300000 [0.1260 ... 5.3323]
I then generate a new numpy
array (let's call it array2
) with the same shape and calculate the cosine similarity between each row of the dataframe and the generated array. For this, I am currently using sklearn.metrics.pairwise.cosine_similarity
and save the results in a new column:
from sklearn.metrics.pairwise import cosine_similarity
df['Cosine'] = cosine_similarity(df['Array1].tolist(), array2)
Which works as intended and takes, on average, 2.5 seconds to execute. I am currently trying to lower this time to under 1 second simply for the sake of having less waiting time in the system I am building.
I am beginning to learn about Vaex
and Dask
as alternatives to pandas
but am failing to convert the code I provided to a working equivalent that is also faster.
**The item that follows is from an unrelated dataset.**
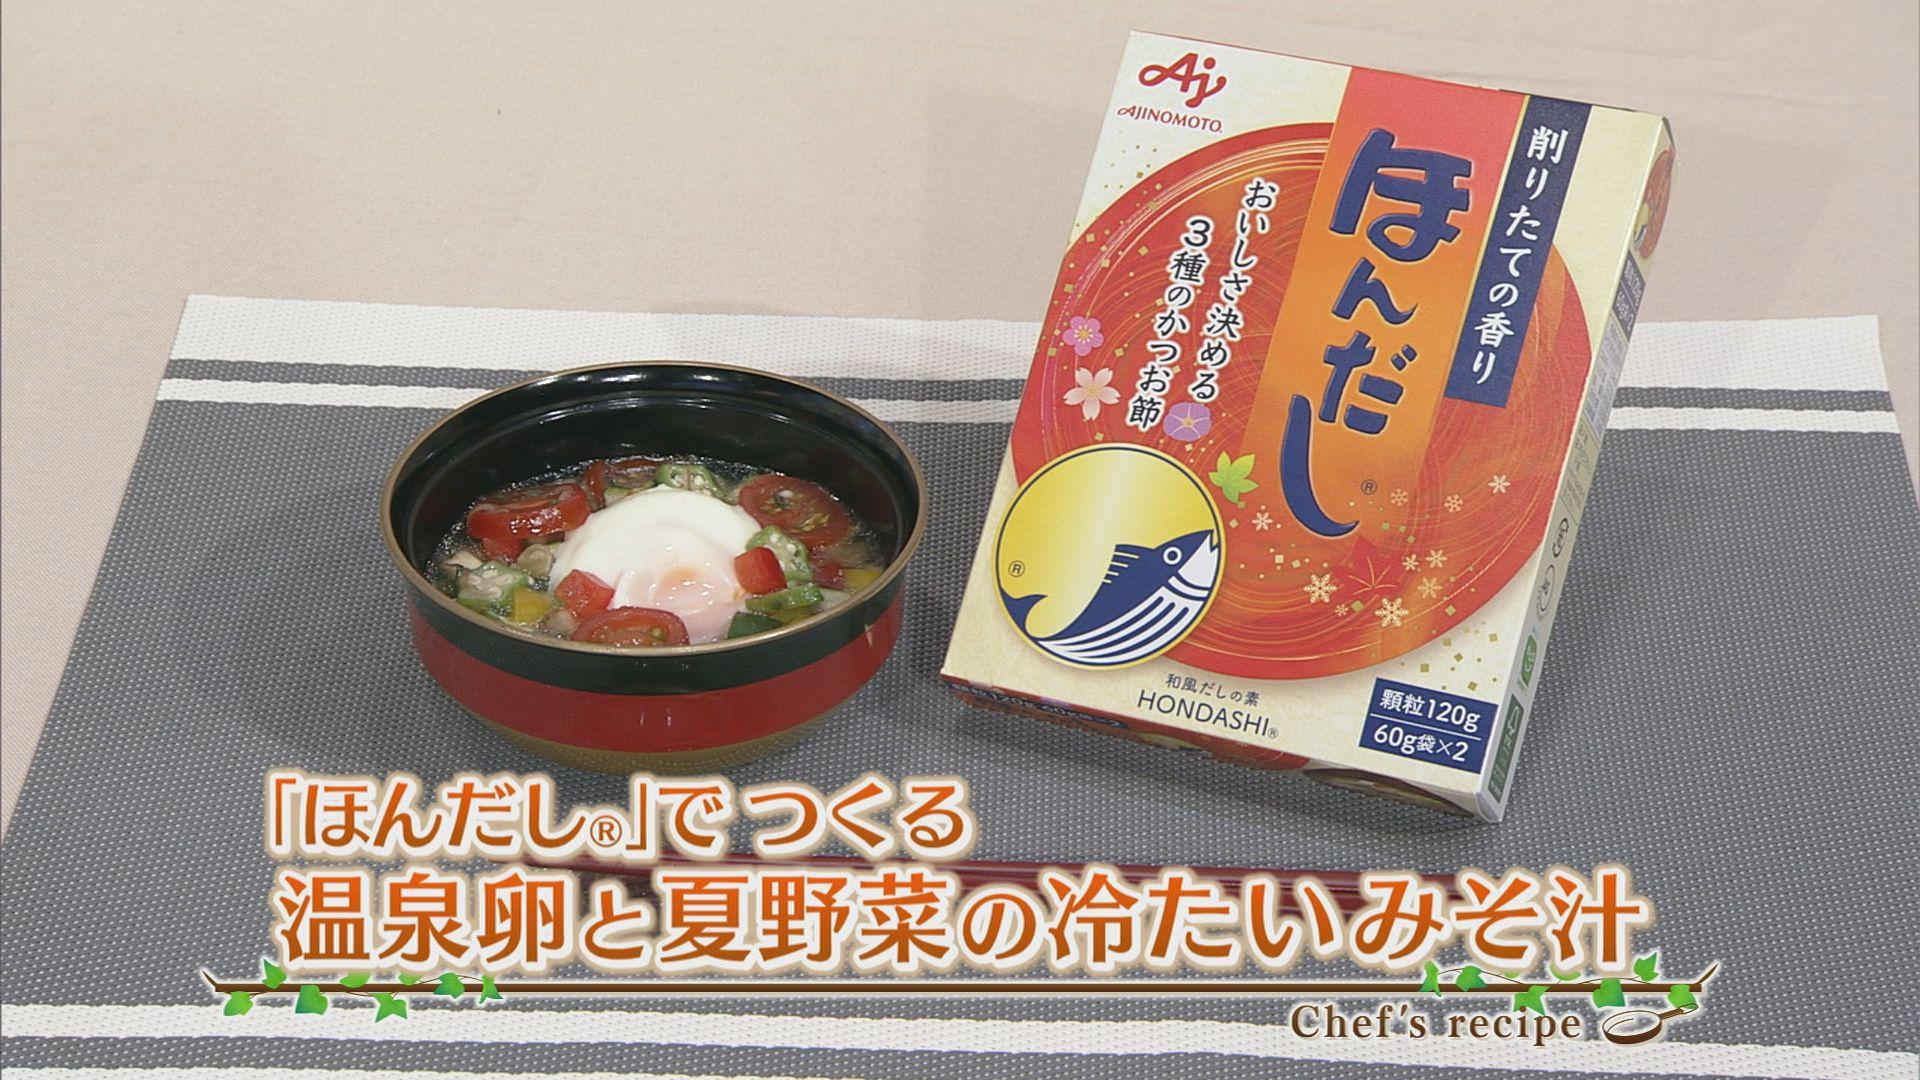 えび☆ステ【シェフズレシピ】温泉卵と夏野菜の冷たい味噌汁 by岸紀雄
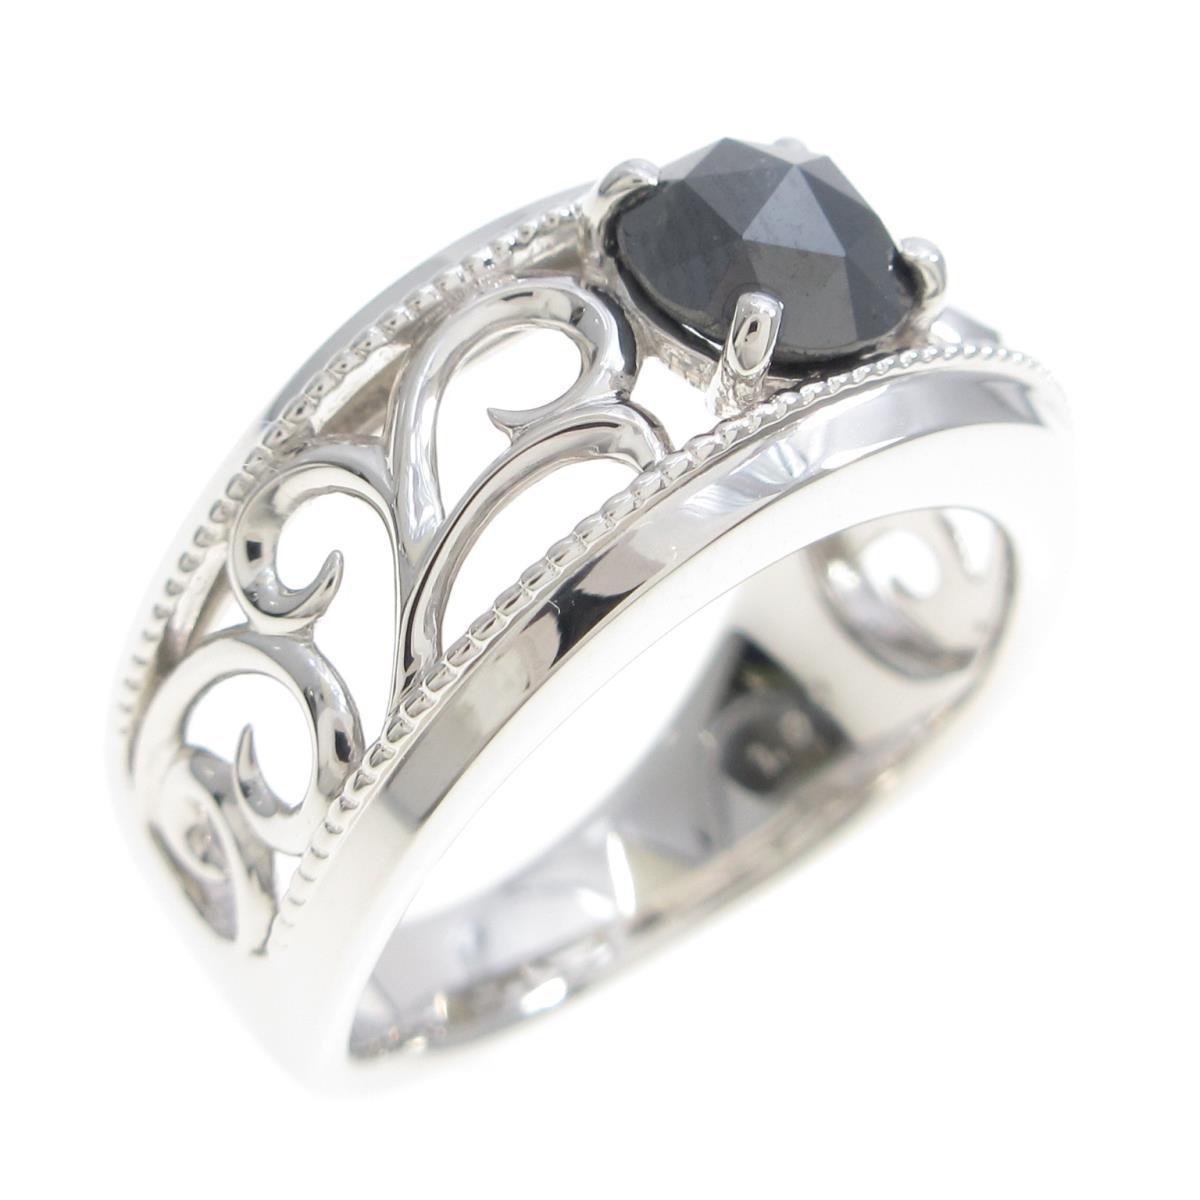 毎日激安特売で 営業中です 新作からSALEアイテム等お得な商品 満載 PT ダイヤモンドリング 中古

Preferably with one of the technologies I mentioned, how can I go about making pairwise cosine calculations even faster for large datasets?
Upvotes: 1
Views: 1072
Reputation: 90
You could use Faiss here and apply a knn operation. To do this, you would put dataframe into a Faiss index and then search it using the array with k=3000000 (or whatever the total number of rows of your dataframe).
import faiss
dimension = 100
array1 = np.random.random((n, dimension)).astype('float32')
index = faiss.IndexFlatIP(d)
#add the rows of the dataframe into Faiss
for index, row in df.iterrows():
index.add(row)
k= len(df)
D, I = index.search(array1, k)
Note that you'll need to normalise the vectors to make this work (as the above solution is based on inner product).
Upvotes: 1